Matt's trailer was an absolute mess. Not that anyone there had a pristine trailer, except for perhaps Linderman himself, but his was particularly reminiscent of a recent hurricane. He had lion hair all over him when he came back from each show, and, too exhausted to sweep or collect laundry or do any of those little things that normal, nine-to-five folks need to do after a long day of work, he would strip off his clothes and lug his drooping body to bed. Occasionally in the morning, before heading outside, he'd look around in disgust and think he could not stay in such a pigsty one moment later. But his way of solving that was invariably to go elsewhere until he was too tired to see straight and just wanted his bed, clean or dirty.
Except for tonight he was having trouble sleeping. He dragged himself into bed and stared at the ceiling and saw bright, frightened, dark eyes. He heard Nathan's derisive words and saw the tinge of regret that hardened his jawline for just a moment. And he felt the hotness of the lights and felt distinctly like he did not deserve to have them on him. He was uneasy.

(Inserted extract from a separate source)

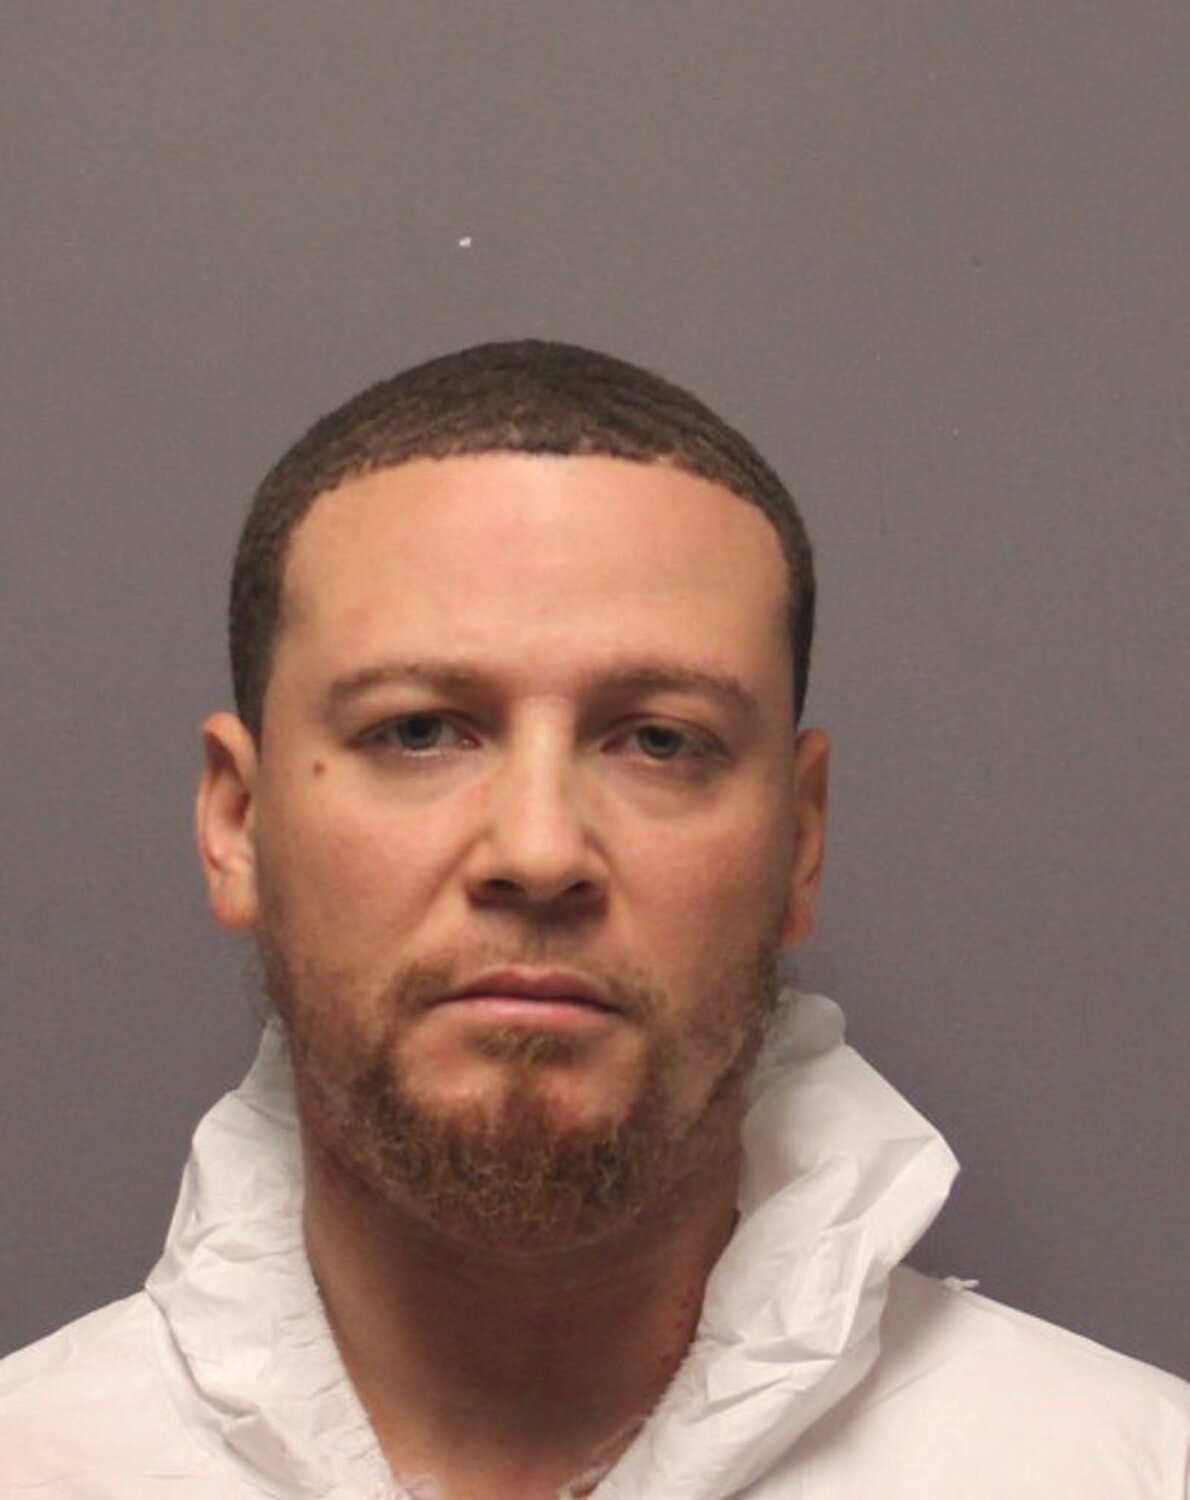 CHARGED: Michael A. Jones, 33, of 25 Queen St., Cranston, was arrested and charged following the “accidental” shooting of his four-year-old son on Halloween morning. (Photo courtesy Cranston Police)
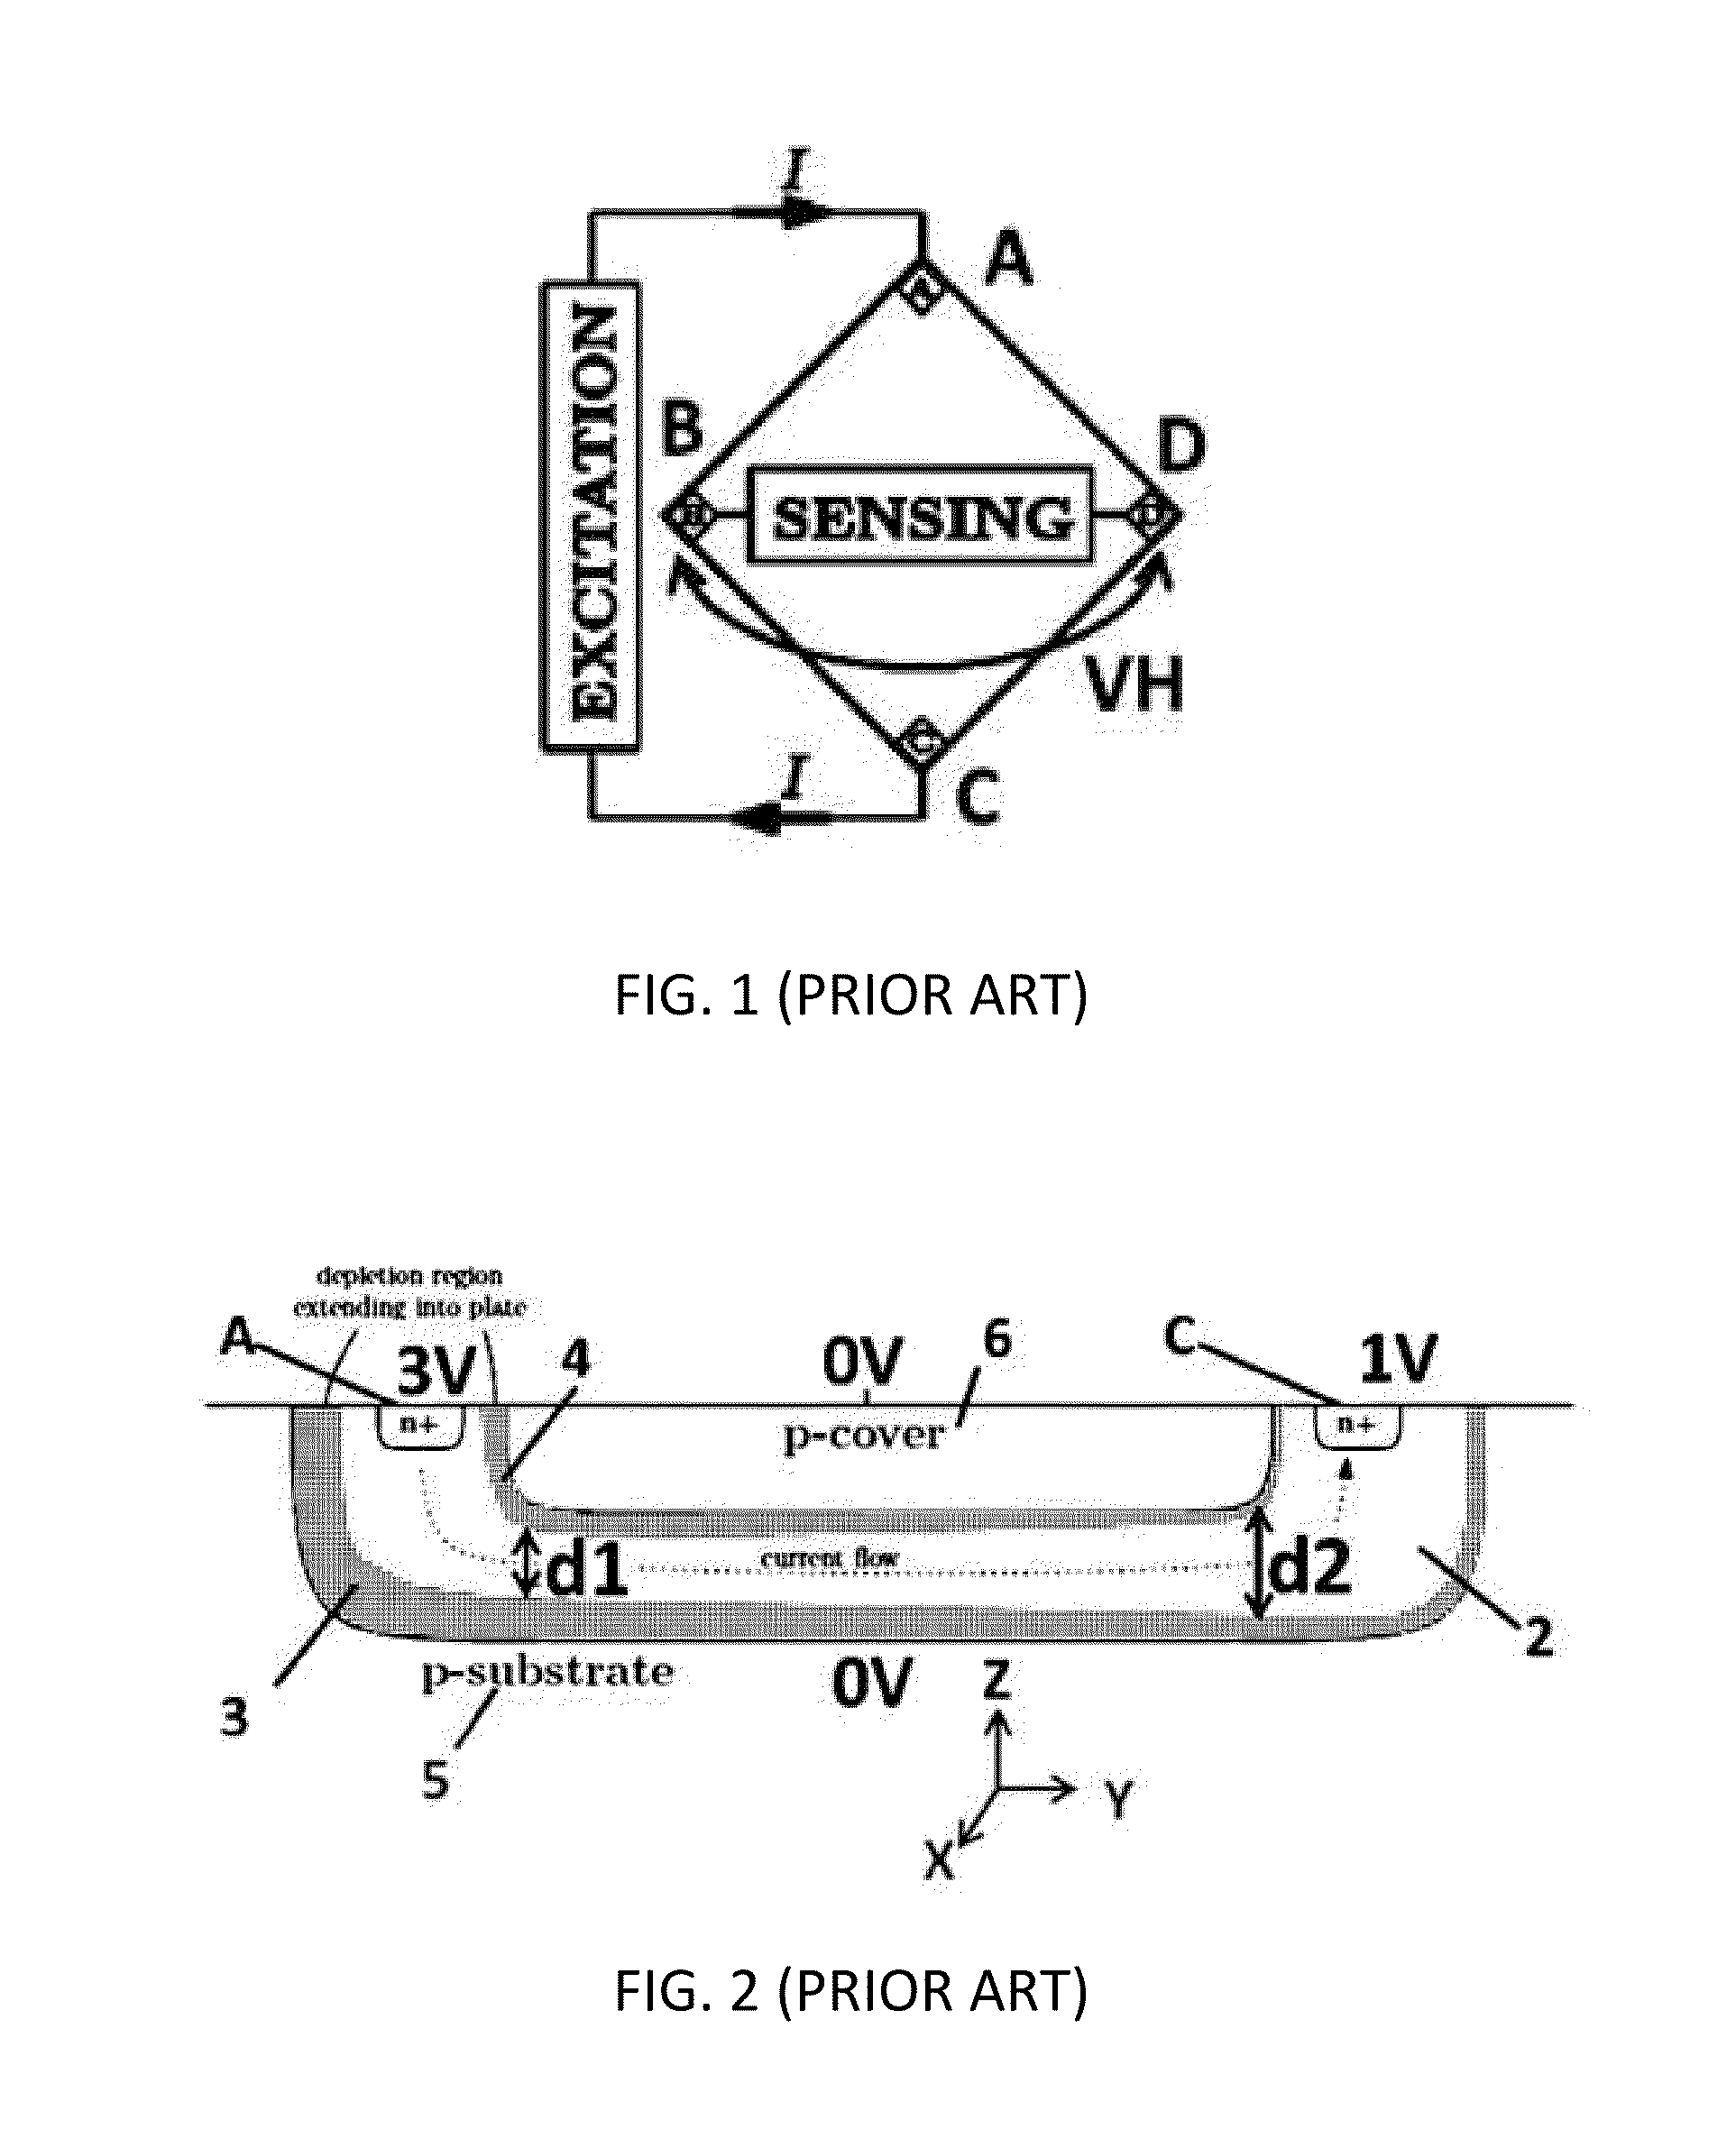 Hall Sensor Readout System with Offset Determination Using the Hall Element Itself

Eventually he kicked off the covers, found a dirty T-shirt and drawstring pants on the mass of musty clothes he called a floor, and went for a walk. The moon was full, which might have accounted for it. A long time ago in the circus they'd had a fortune-teller, an old woman who'd told him that great things happened during full moons and eclipses. Worlds changed, and people were drawn from darkness to light. With the moon almost too bright above his head, Matt squinted across the dark lawn and thought that he certainly fit into that description.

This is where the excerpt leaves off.